Por mucho tiempo la mujer ha sido discriminada y eso en muchas de nuestras culturas por no decir en todas. Por supuesto, la discriminación toma varias formas dependiendo el tiempo y el lugar pero lamentablemente a la mujer se le confiere un lugar relegado.
En muchas culturas se les da más valor a los hijos varones pues estos pueden perpetuar la línea familiar, cuidar a los padres envejecidos y heredar propiedades.
Hay un dicho muy popular en Asia que dice “criar a una niña es como regar una planta en el huerto del vecino”
En los países sumidos en la pobreza, esta actitud de discriminación da como resultado niñas con menos alimentos, atención médica y educación.

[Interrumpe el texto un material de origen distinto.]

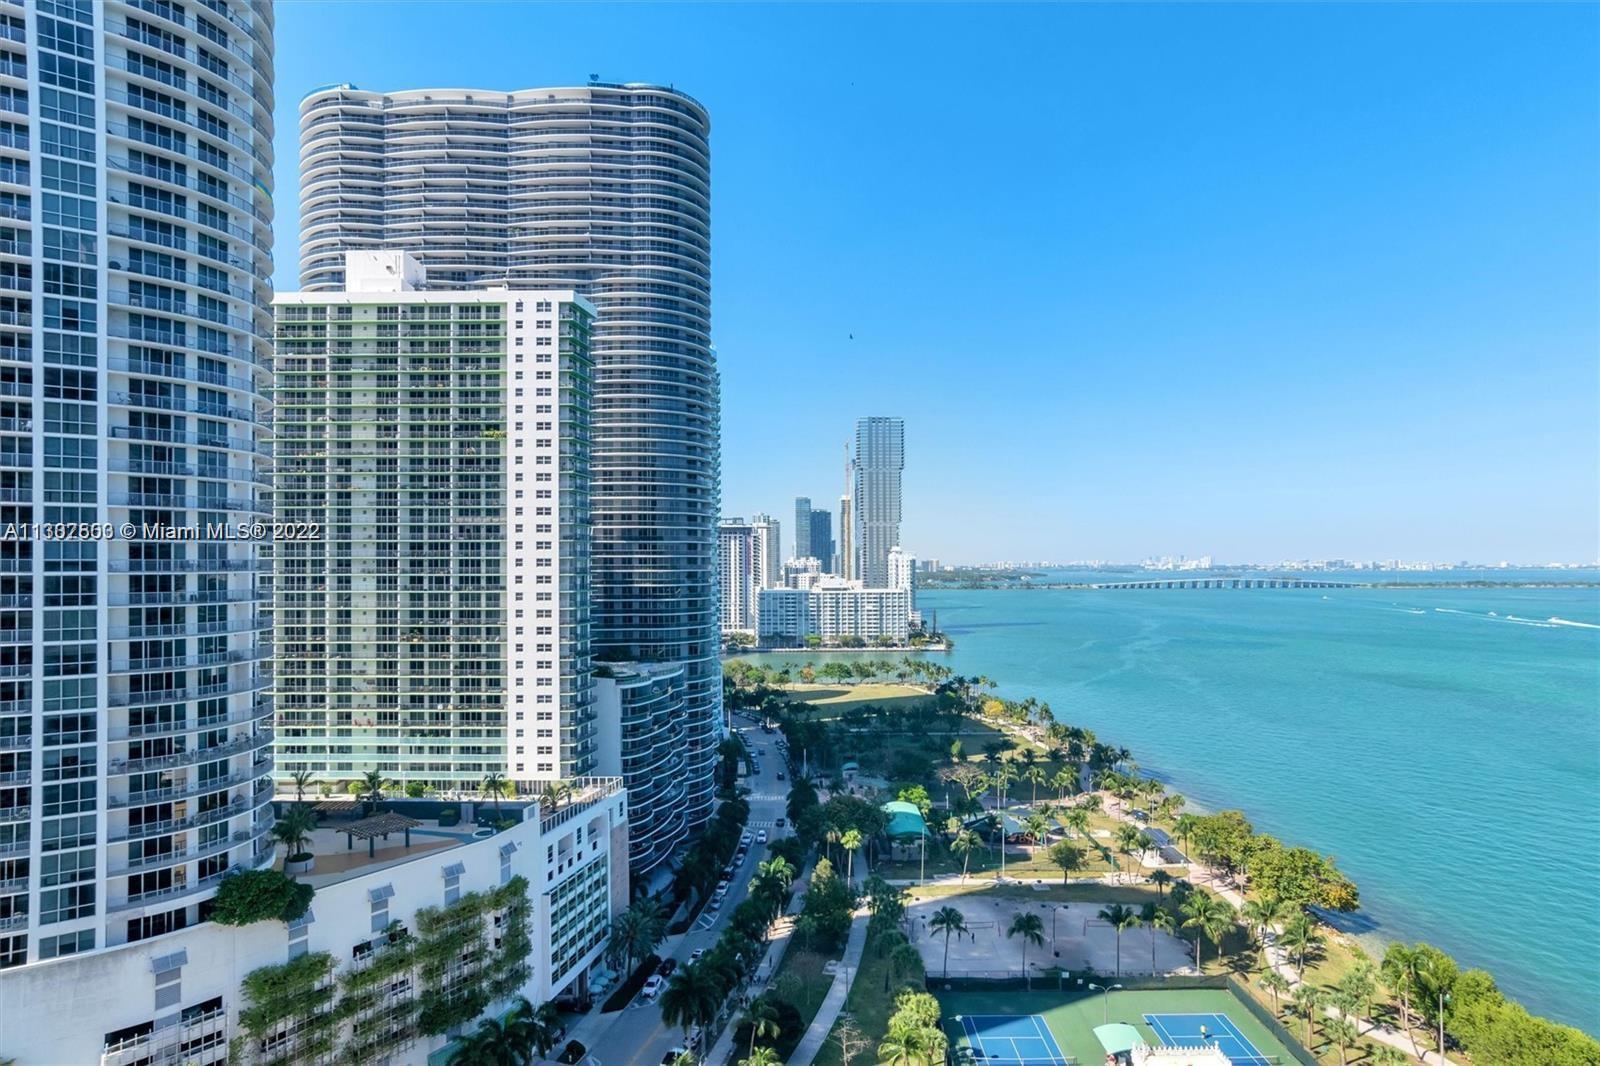 currently rented mo-mo; Renovated 2/2 including High Impact windows with Great views of Biscayne Bay

En un país asiático se descubrió que el 15% de las niñas estaban desnutridas comparado con el 5% de los niños.
De acuerdo a un informe del Fondo de las Naciones Unidas para la Infancia (UNICEF), en muchas naciones los centros de salud reciben dos veces más niños que niñas. Por otro lado, casi un 50% de las mujeres de África y de Asia son completamente analfabetas. La antigua embajadora de UNICEF dijo tristemente que actualmente en el mundo existe una terrible segregación sexual.

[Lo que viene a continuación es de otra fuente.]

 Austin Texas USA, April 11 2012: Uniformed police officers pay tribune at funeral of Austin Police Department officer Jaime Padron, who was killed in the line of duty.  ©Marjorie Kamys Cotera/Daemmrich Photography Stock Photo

Cuando la niña se convierte en mujer, la segregación o discriminación no termina pues su vida adulta está marcada por la pobreza, la violencia doméstica y el trabajo agotador constante. Como señalo el antiguo presidente del Banco Mundial, las mujeres llevan a cabo las dos terceras partes del trabajo del mundo. Pero paradójicamente solo obtienen una décima parte de los ingresos mundiales y tienen menos del 1% de los bienes mundiales. Lamentablemente, ellas están en el grupo de las personas más pobres del mundo.